If it goes ahead, an estimated 500,000-600,000 annual visitors are expected.

It could be completed by 2020, creating more than 150 full-time jobs.

Featuring a lid-like roof, Jurassica would span about 100m, about a third the size of the Millennium Dome.

Comparable with the Eden Project, it would house robot swimming plesiosaurs, fossils and interactive displays.

Mr Hanlon said: "Jurassica will put Dorset on the global map; a real focus that will drive tourism upwards and pour more than £20m into the county's businesses every year."

Dorset Chamber of Commerce said the travel infrastructure to the attraction would be fundamental to its success. The charity is currently carrying out a £30,000 traffic impact study.

Ian Girling, chief executive of Dorset Chamber of Commerce said: "There's no doubt its going to be a tremendous boost for Weymouth and Portland.

Image copyright Azureus Design
Image caption It will feature an aquarium with animatronic dinosaurs

"This is a really bold innovative project that could be fantastic for the whole of the county."

Bournemouth University is conducting an economic study to determine the attraction's connections with other sectors of the economy and its likely impact.

Prof John Fletcher, pro-vice chancellor for research and innovation at the university, said the attraction would make a "significant contribution" to the local economy.

He added it would "broaden the visitor season through its international and educational pull".

Sir David Attenborough is patron of the project and the Eden Project's Sir Tim Smit is its trustee.

The project was awarded £300,000 in July from the Local Enterprise Partnership for a feasibility study and a lottery funding application.
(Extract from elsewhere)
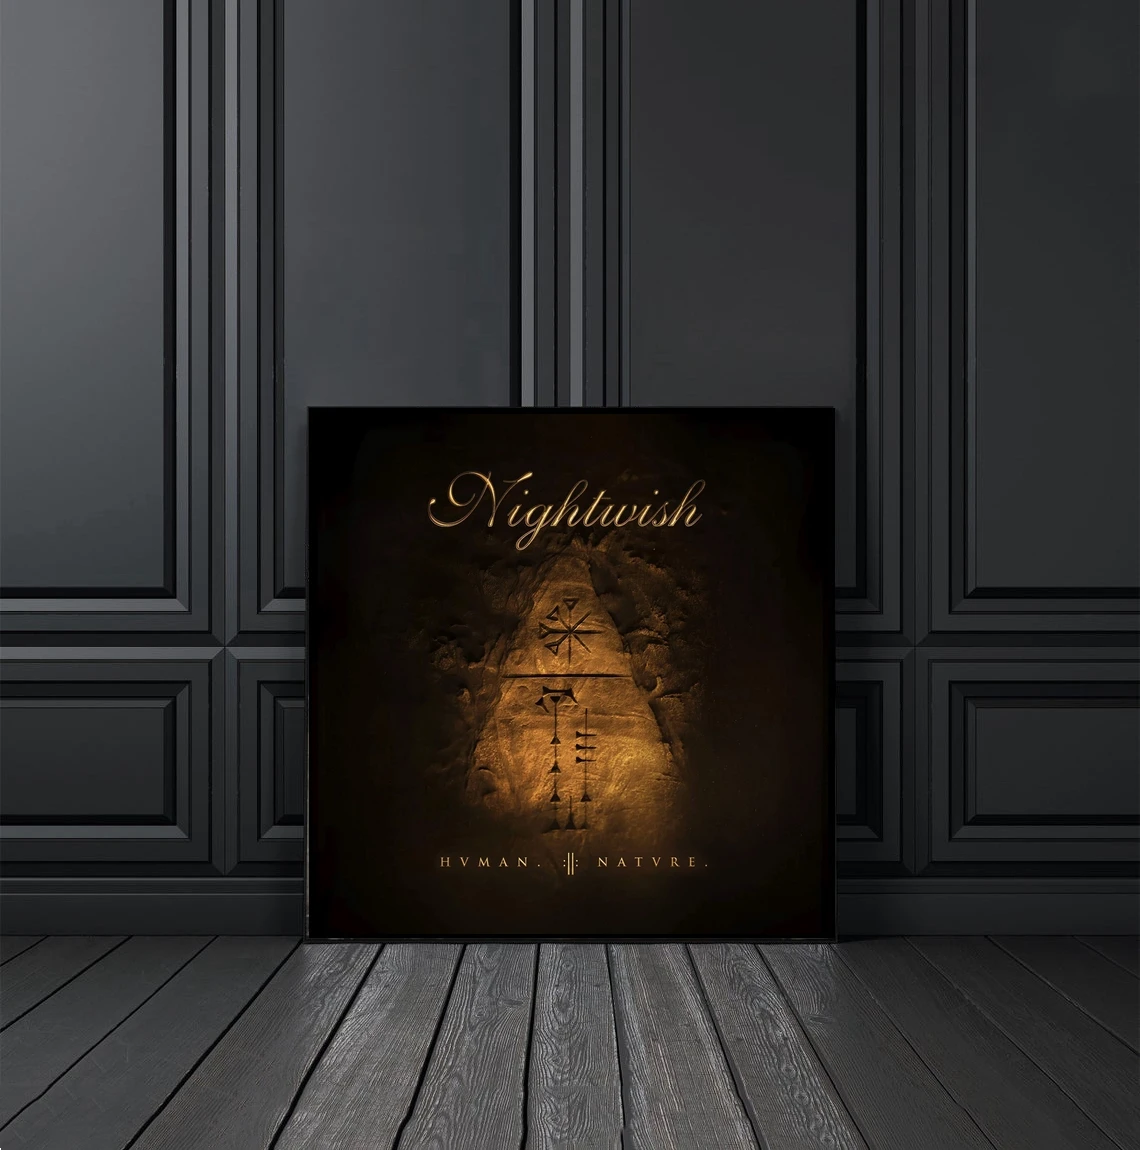 

Человеческая природа. Альбом для музыки Nightwish, постер, холст, печать, рэп, хип-хоп, музыка, звезда, певец, домашний картины для украшения стен

In November, the charity put in a first round funding bid for a £16m Heritage Lottery Fund Award. The outcome of the bid is expected in April.

The 153 km (95 mile) Jurassic Coast, which begins in East Devon and stretches to Old Harry Rocks near Swanage in Dorset, attracts about 12-15 million visitors a year.

The Jurassic Coast is considered the only single site in the world that displays evidence of millions of years of the earth's history, exposed in layers of rock in its cliffs.

It contains three periods: Triassic, Jurassic and Cretaceous.

Visitor numbers to top paid-for England attractions in 2013

  • Stonehenge, Wiltshire - 1,241,296
  • Canterbury Cathedral, Kent - 1,001,266
  • Roman Baths, Bath - 996,143
  • RHS Garden Wisley, Surrey - 964,078
  • Eden Project, Cornwall - 858,897
  • Portsmouth Historic Dockyard, Hampshire - 674,434

Source: Visit England

This article was amended on 29 September 2015 after a clerical error by the Jurassic team led to incorrect projected visitor numbers being stated in a report by Weymouth and Portland Borough Council.